◆ TASK DETAILS:
Line by line, return the listing exactly, without any of the images.

◆ SUPPLIED MATERIAL:
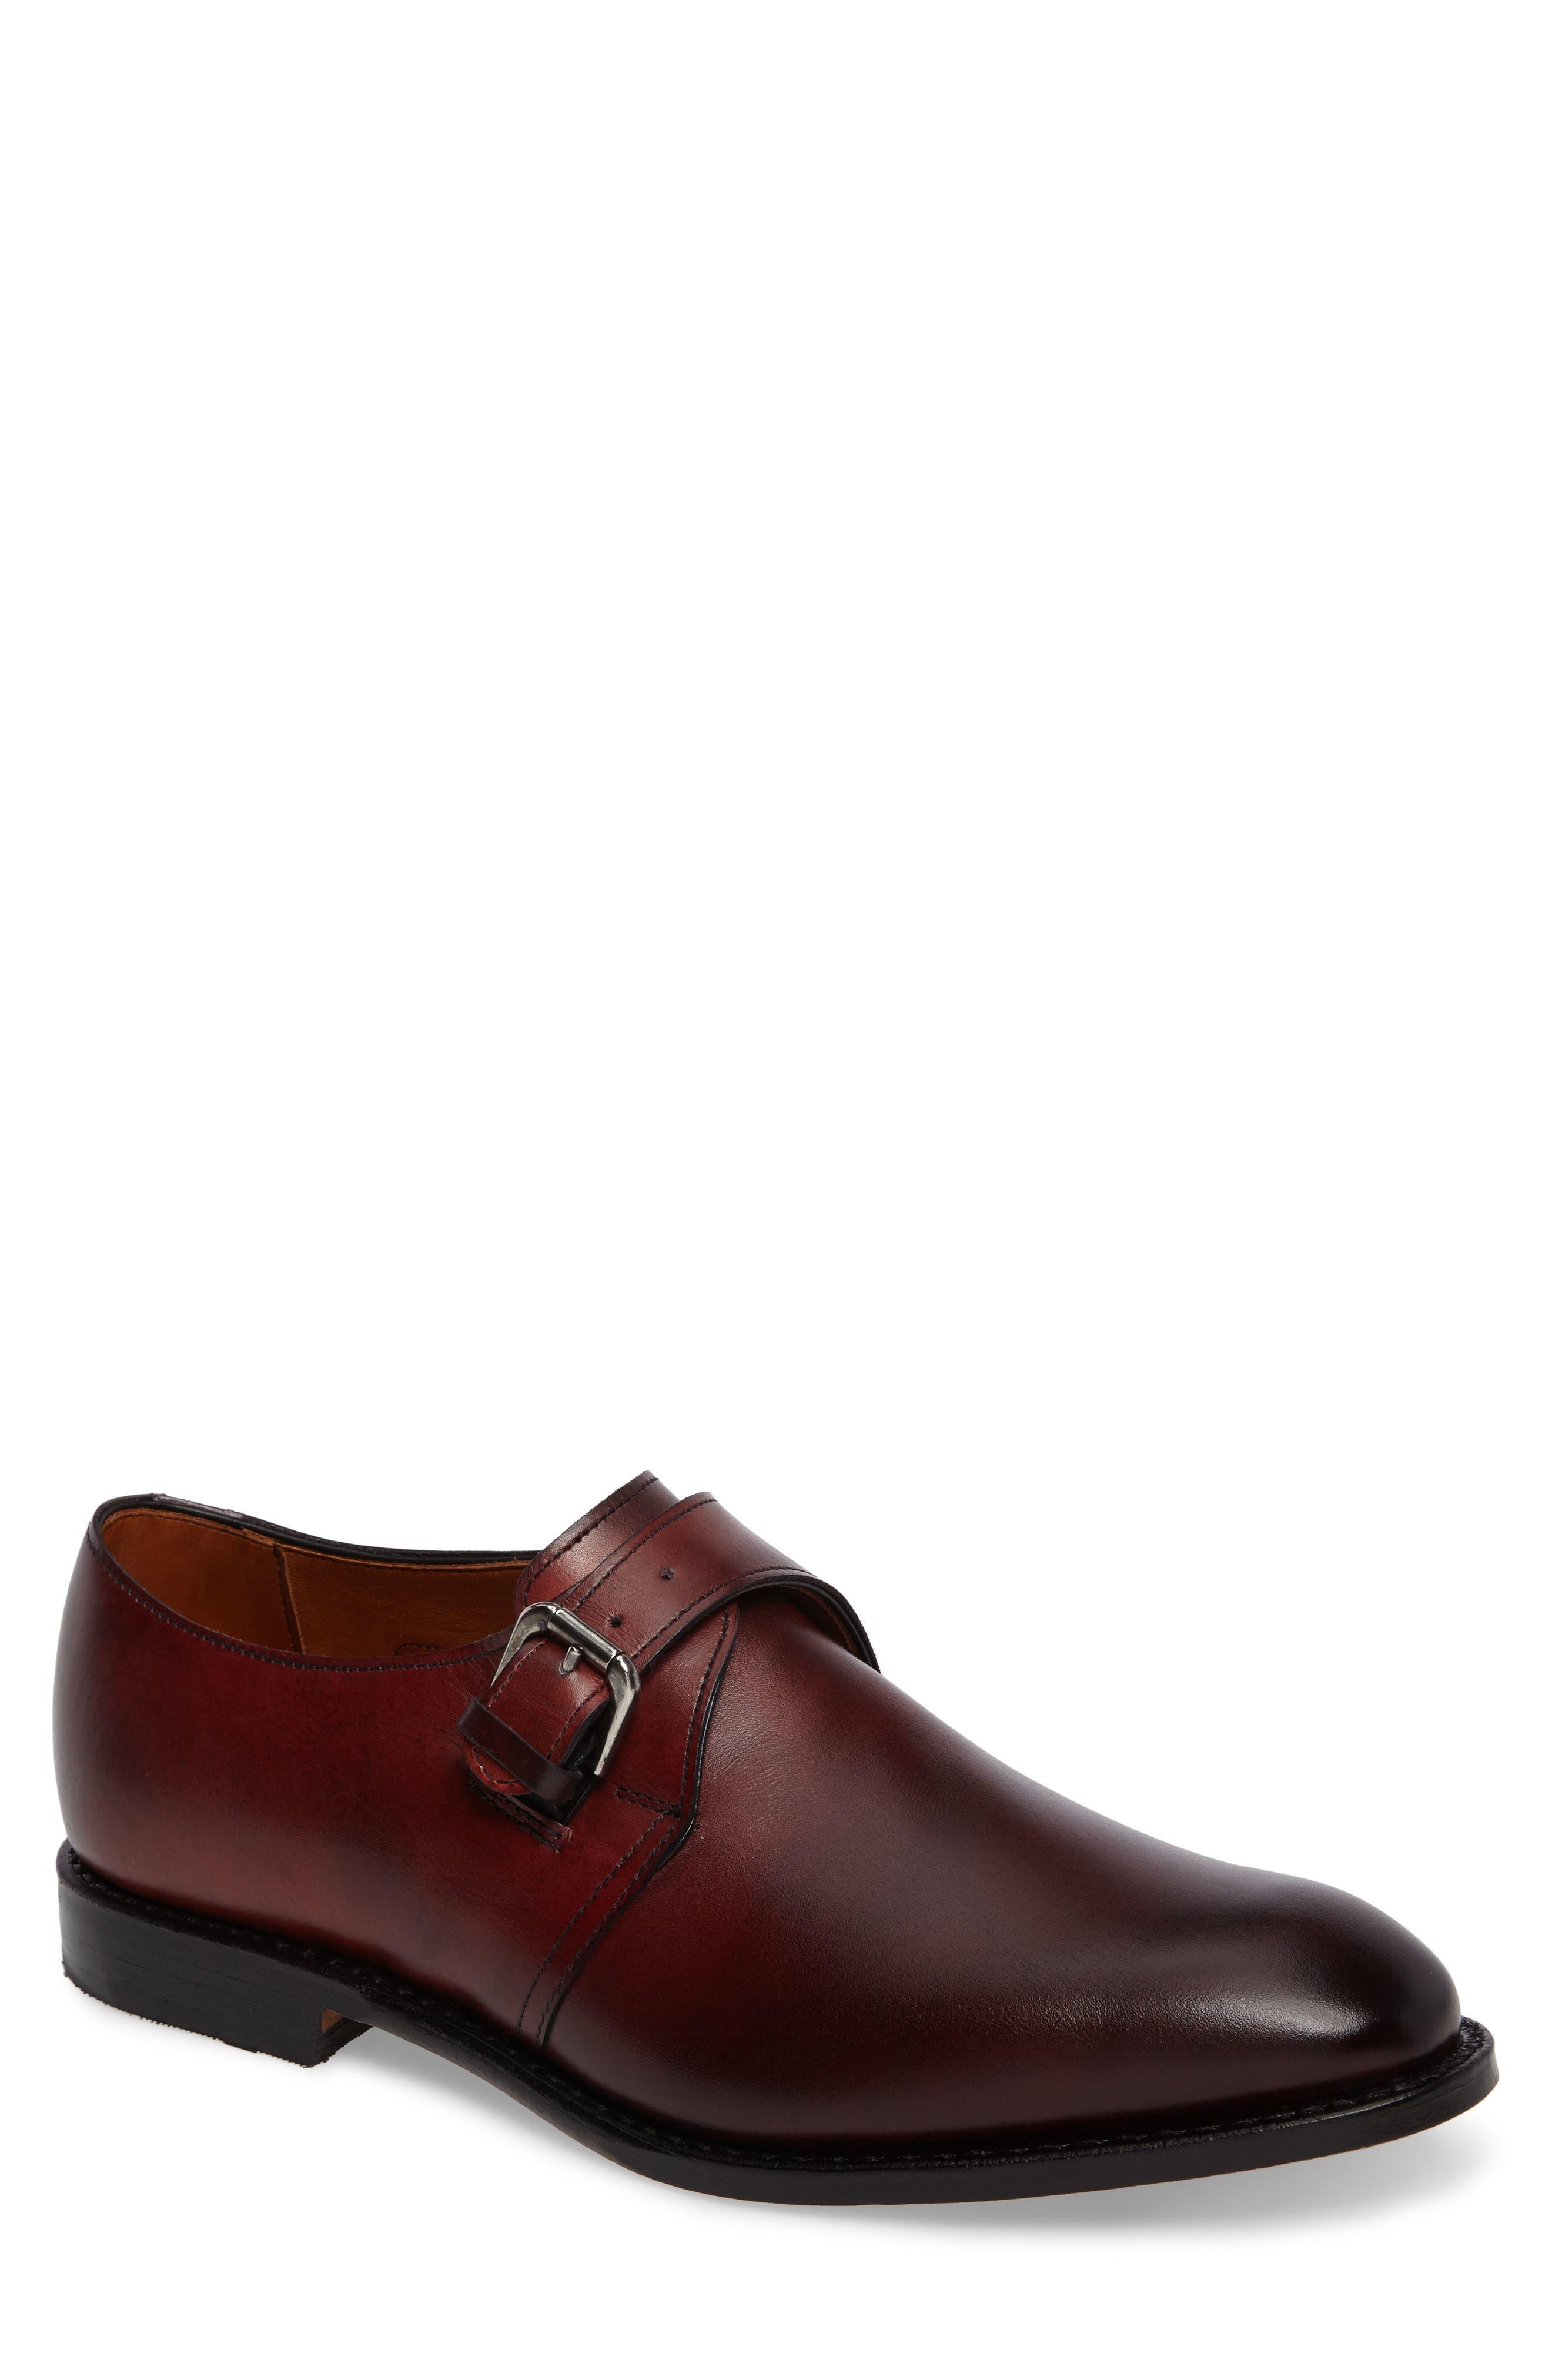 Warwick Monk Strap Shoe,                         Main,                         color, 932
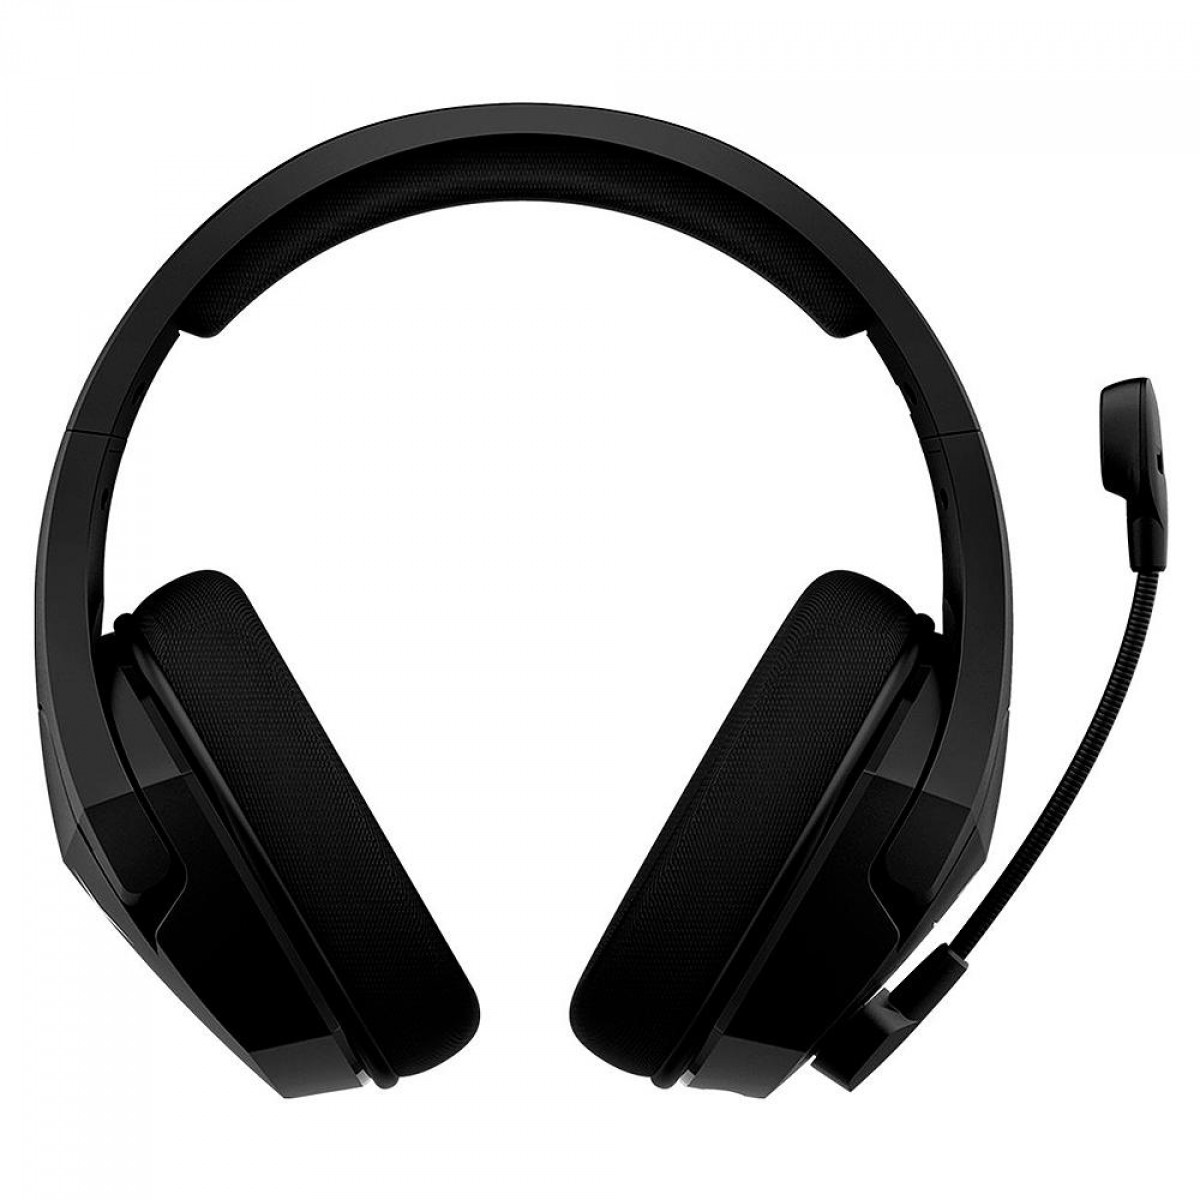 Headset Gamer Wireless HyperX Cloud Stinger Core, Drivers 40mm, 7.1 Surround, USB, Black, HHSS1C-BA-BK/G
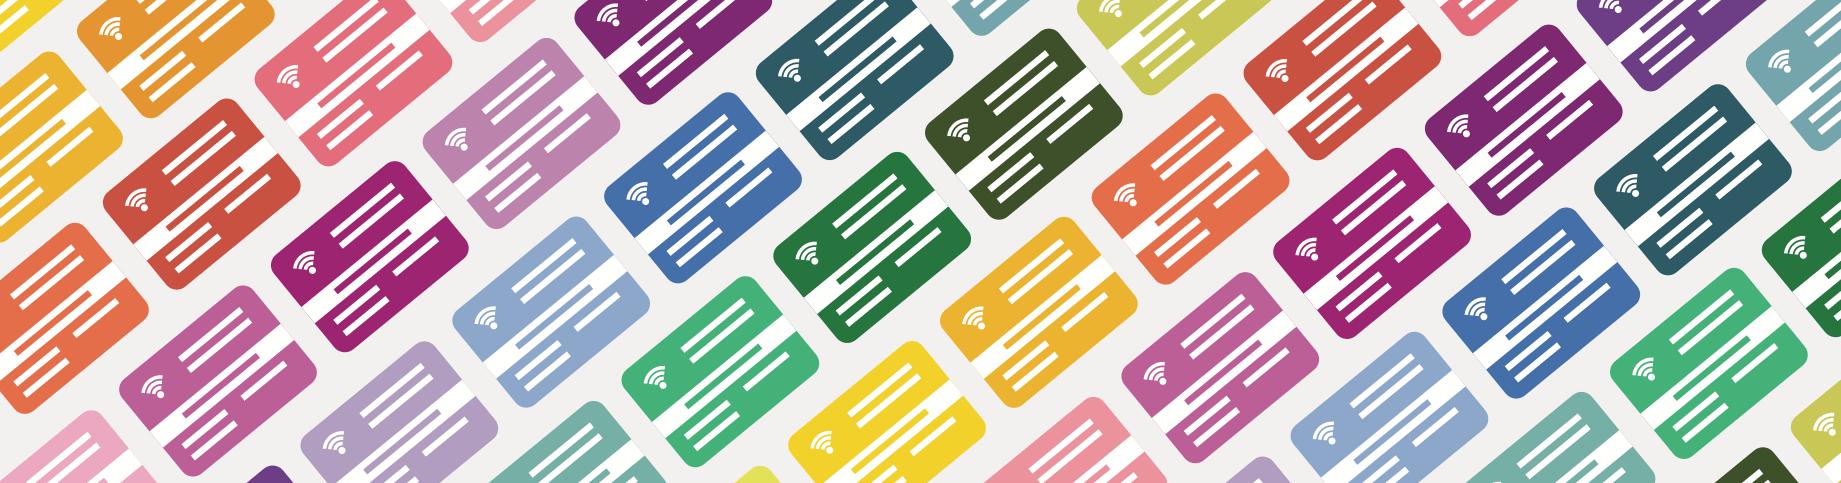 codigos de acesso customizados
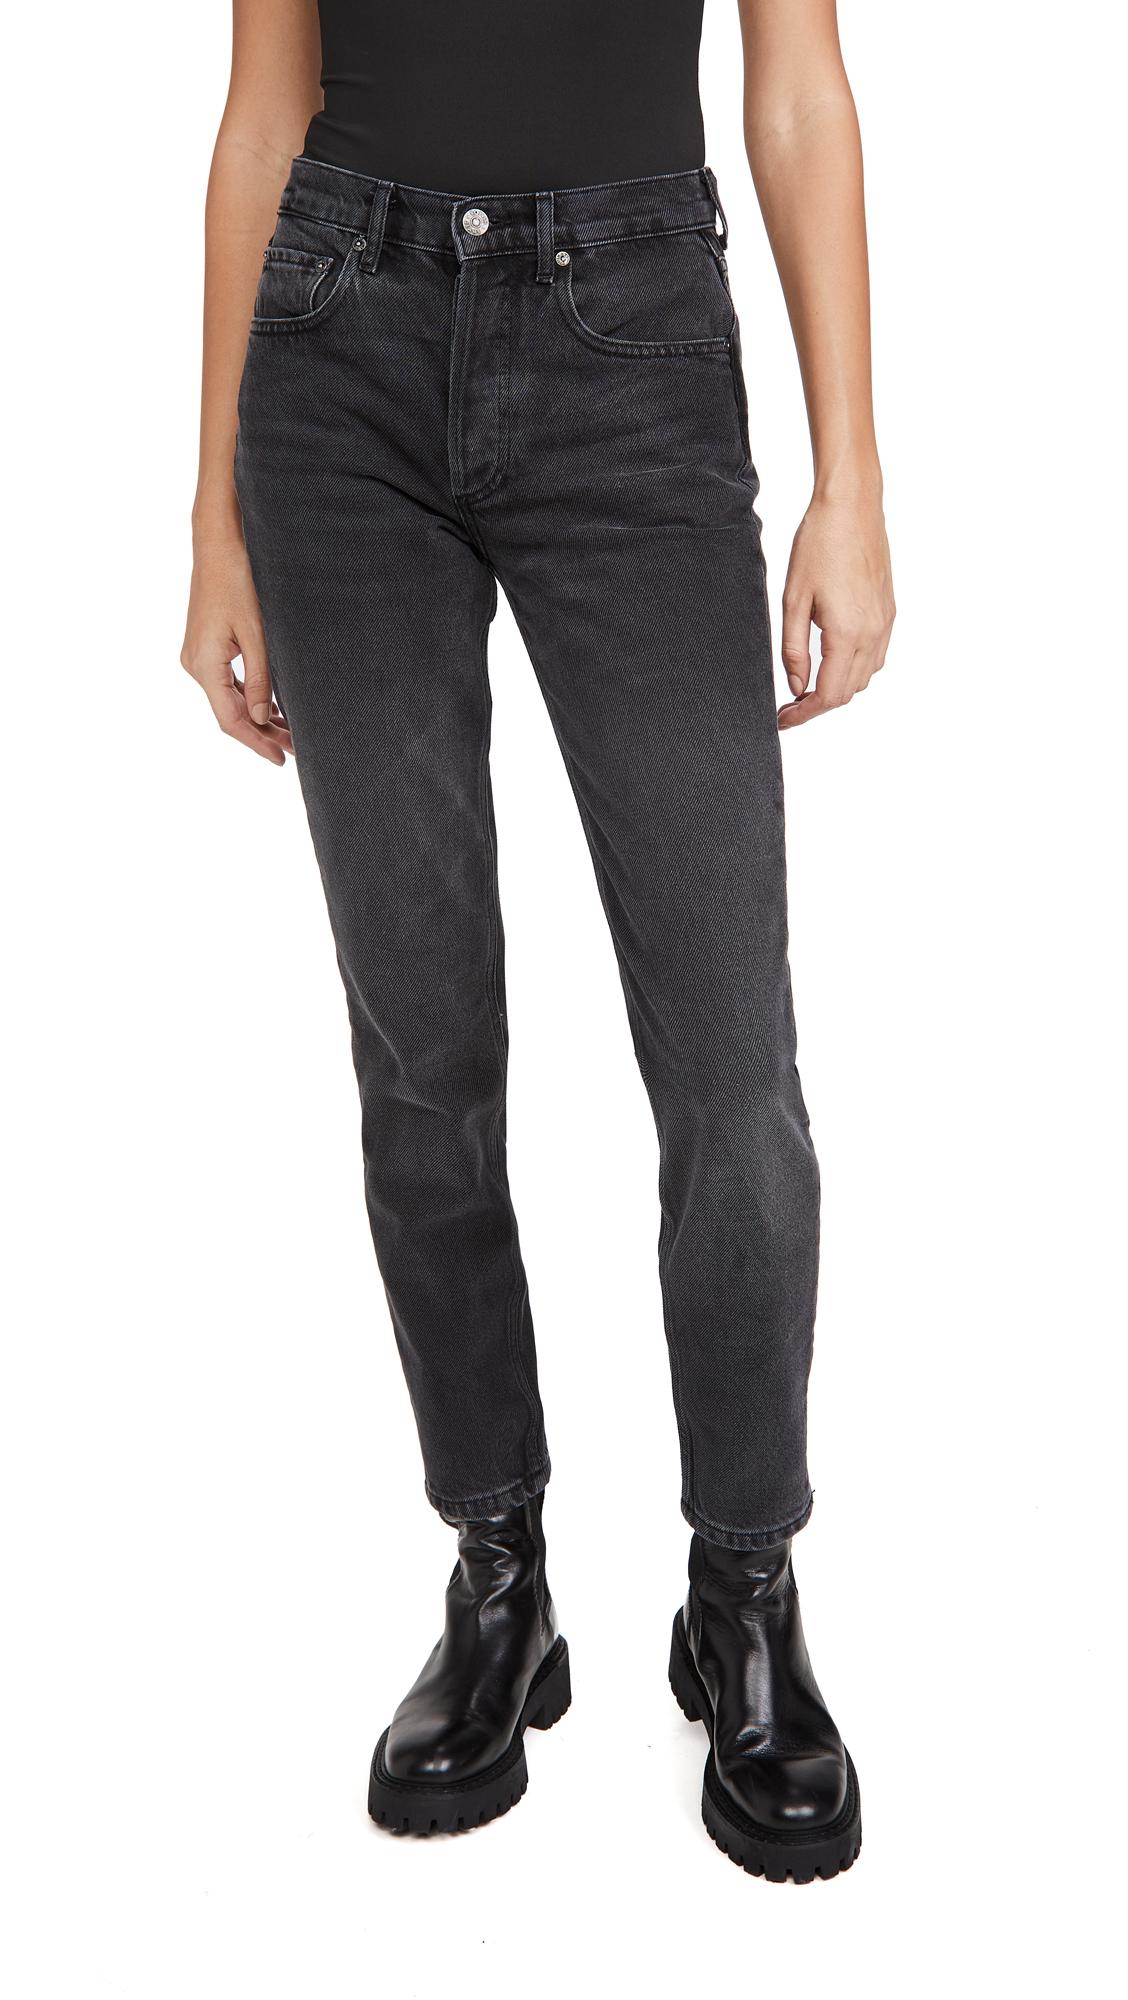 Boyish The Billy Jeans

◆ TASK RESPONSE:
 Warwick Monk Strap Shoe,                         Main,                         color, 932
 Headset Gamer Wireless HyperX Cloud Stinger Core, Drivers 40mm, 7.1 Surround, USB, Black, HHSS1C-BA-BK/G
 codigos de acesso customizados
 Boyish The Billy Jeans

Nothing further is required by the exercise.